By Ben Teerlink, CEO of Mobility Market Intelligence (MMI). MMI were shortlisted for the ‘Best Data-Driven SaaS Product‘, and ‘Best SaaS Product for Financial Services‘ awards at The 2024 SaaS Awards.

It’s no coincidence that the person who dreamed up plans for the first digital programmable computer also compiled the first reliable actuarial tables.

Charles Babbage (1791–1871) understood better than most that technology is only as good as the data it uses.

It’s also not surprising to us today—although it was crushing to Babbage at the time—that he failed to get his computer built due to the limited understanding of the very people he’d designed his “difference engines” for: Most couldn’t see how the technology would help them and resented the British government’s enormous expenditure on its development.

Eventually, lacking champions amidst public outcry over what had come to be seen as wasted money, Babbage’s project died.

Sound familiar?

It’s a cautionary tale for CFOs, CIOs, and CTOs everywhere, and nowhere more so than in the mortgage industry where tech stacks of unused or underused software languish whilst purchases are made for tech that duplicates the function of existing apps.

The solution is a tech stack audit, the perfect revenue-building activity as lenders prepare for more rate changes.

As loan applications slowed in Q2 2024, many lenders seeking a new route to profitability returned to the familiar questions surrounding technology. The industry as a whole is prone to view software as a discretionary expense, an approach that will have long-term and expensive results for the lender and borrower. Faced with a torpid market, savvier fintech leaders pondered whether better and newer technology would capture more revenue-producing data.

Some no doubt realized they needed to know more about what they had before moving forward with new purchases.

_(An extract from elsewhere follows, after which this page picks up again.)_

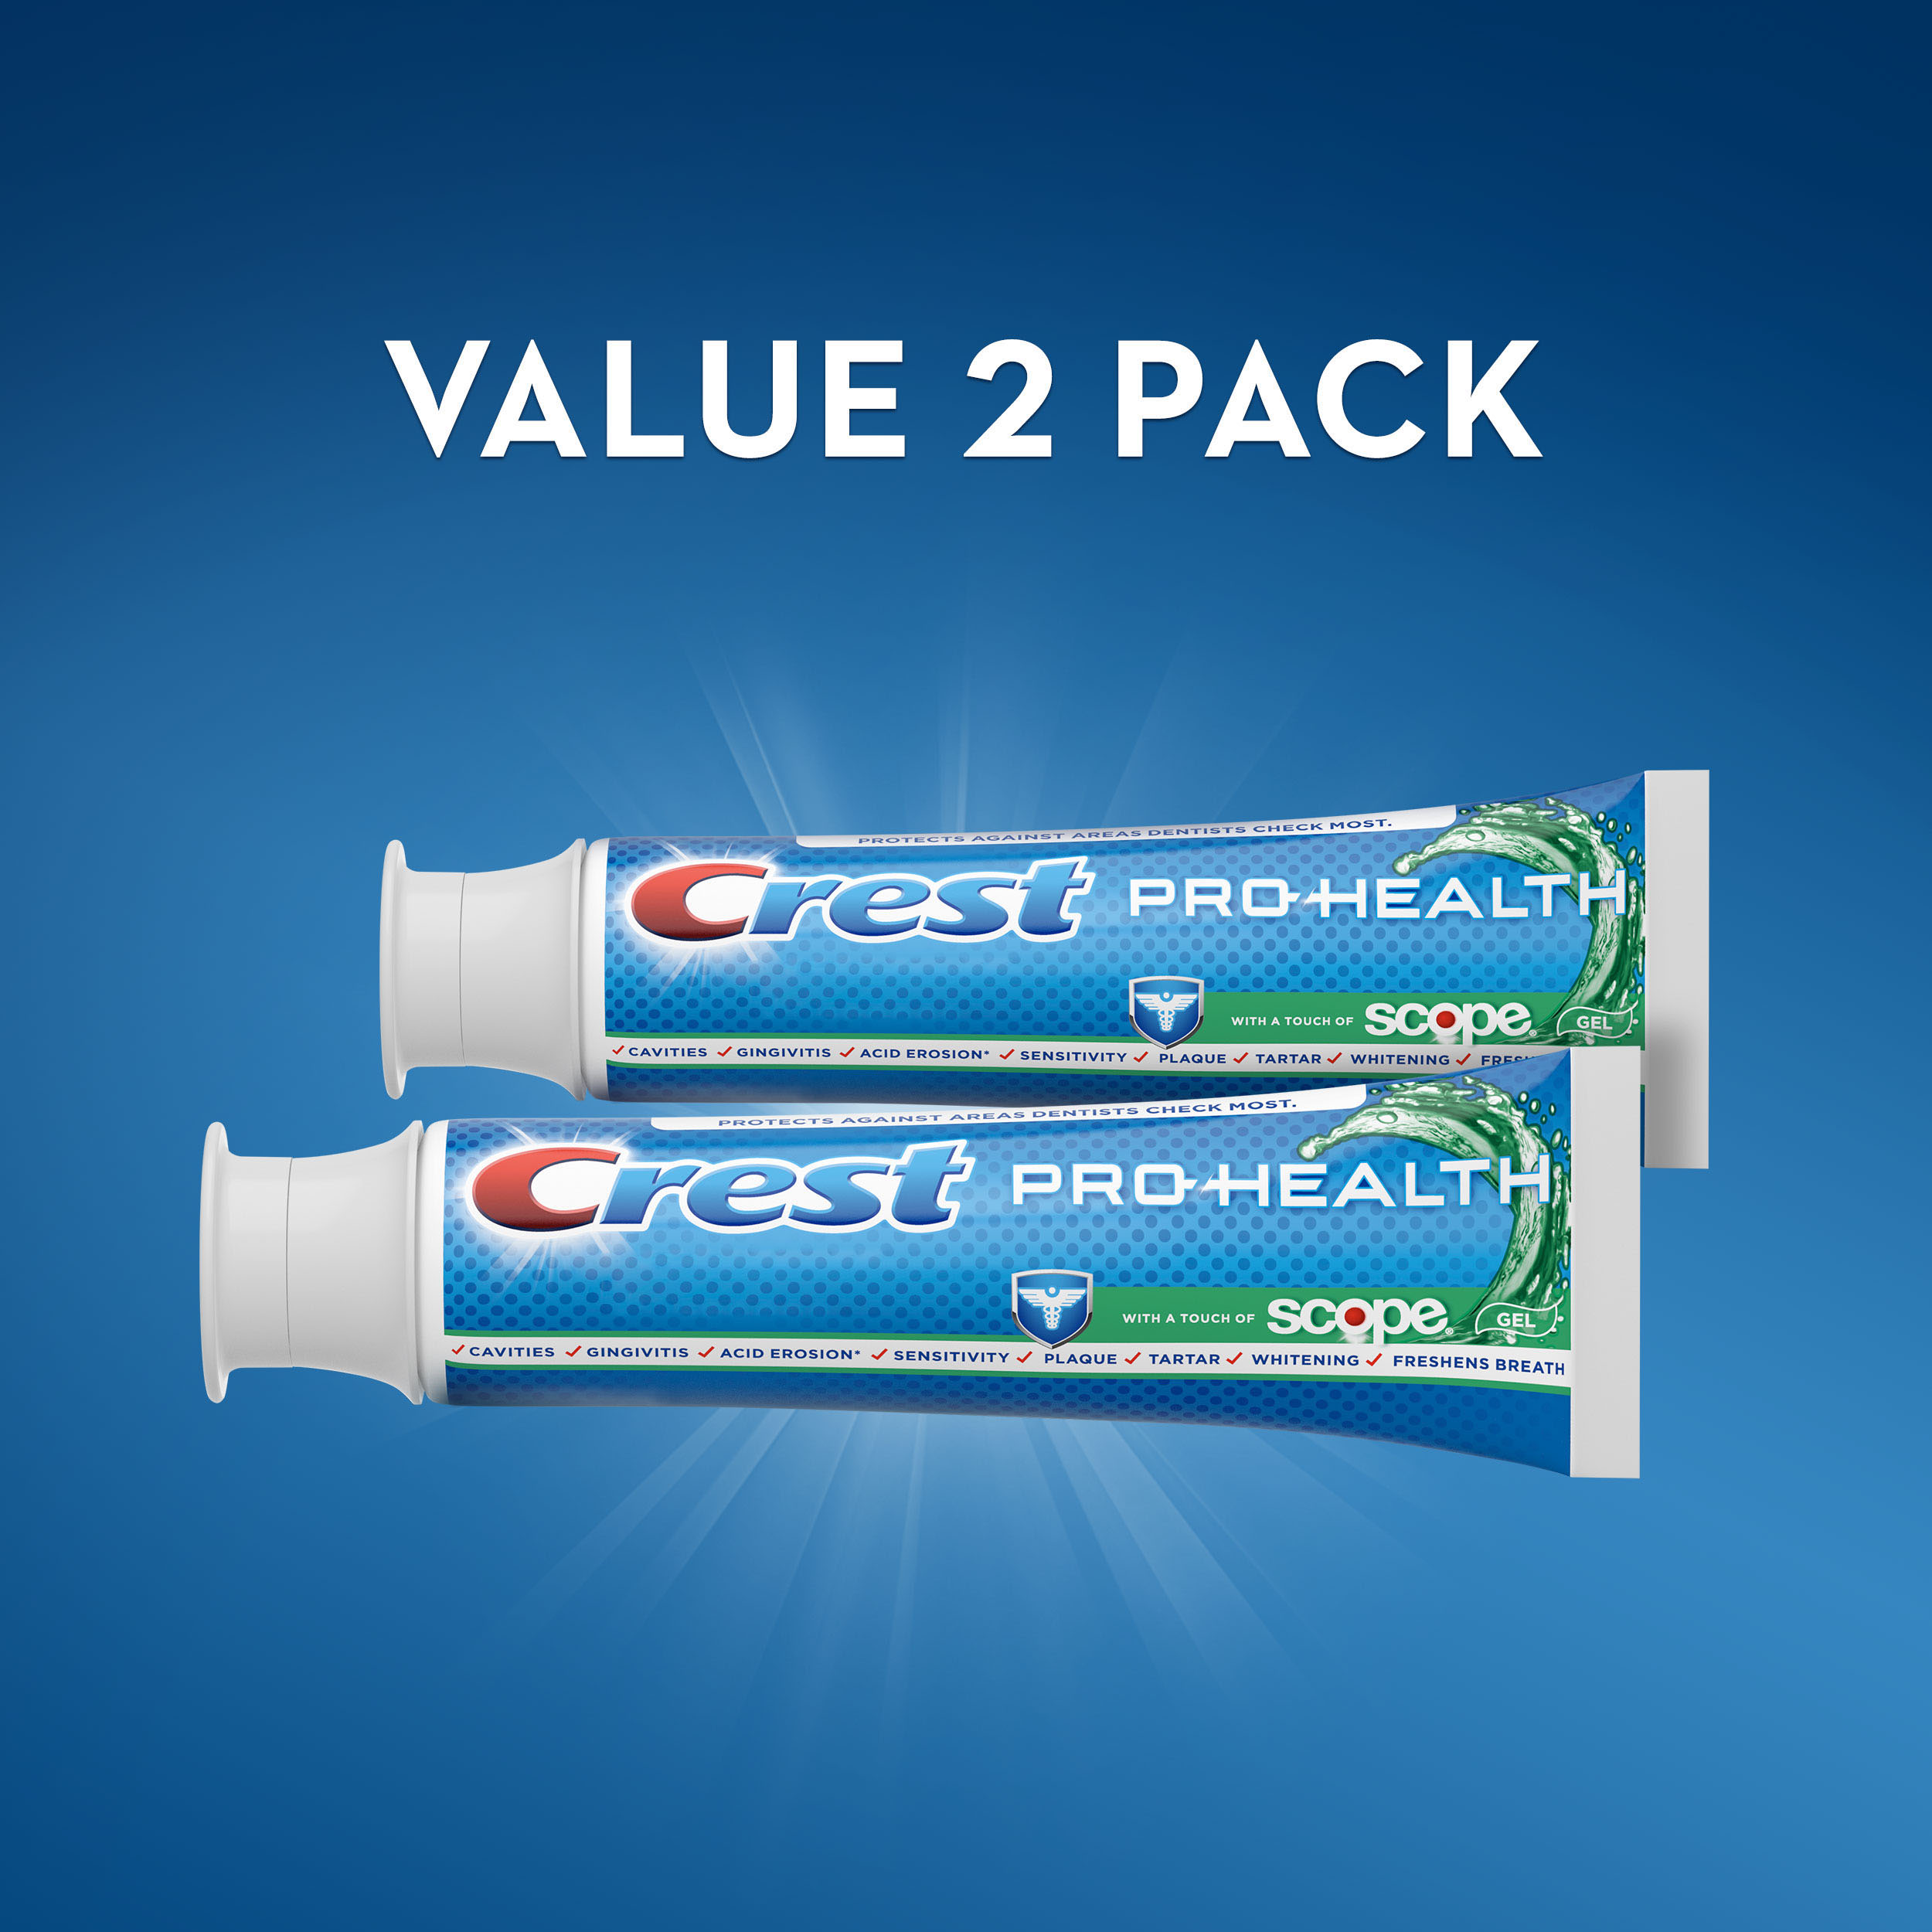 Crest Pro-Health with a Touch of Scope Whitening Toothpaste, 4.6 Oz (2 Pack) - image 3 of 9

Subsequent rate cuts didn’t change that line of inquiry but have instead obviated it as the field has awakened. No one wants to be the CTO quietly acknowledging to a board that you don’t know what you’ve got until it’s gone as opportunities bloom.

What have you got?

A tech stack audit aims to consolidate, optimize and replace unnecessary tech. To do that, it’s crucial to determine

  • the need being met by the tech;
  • operational errors;
  • utilization;
  • system functionality; and
  • vendor deficiency.

This helps reduce software duplication, streamline processes, optimize integration values, decrease billing issues, minimize the need for additional employees, and maximize data flow.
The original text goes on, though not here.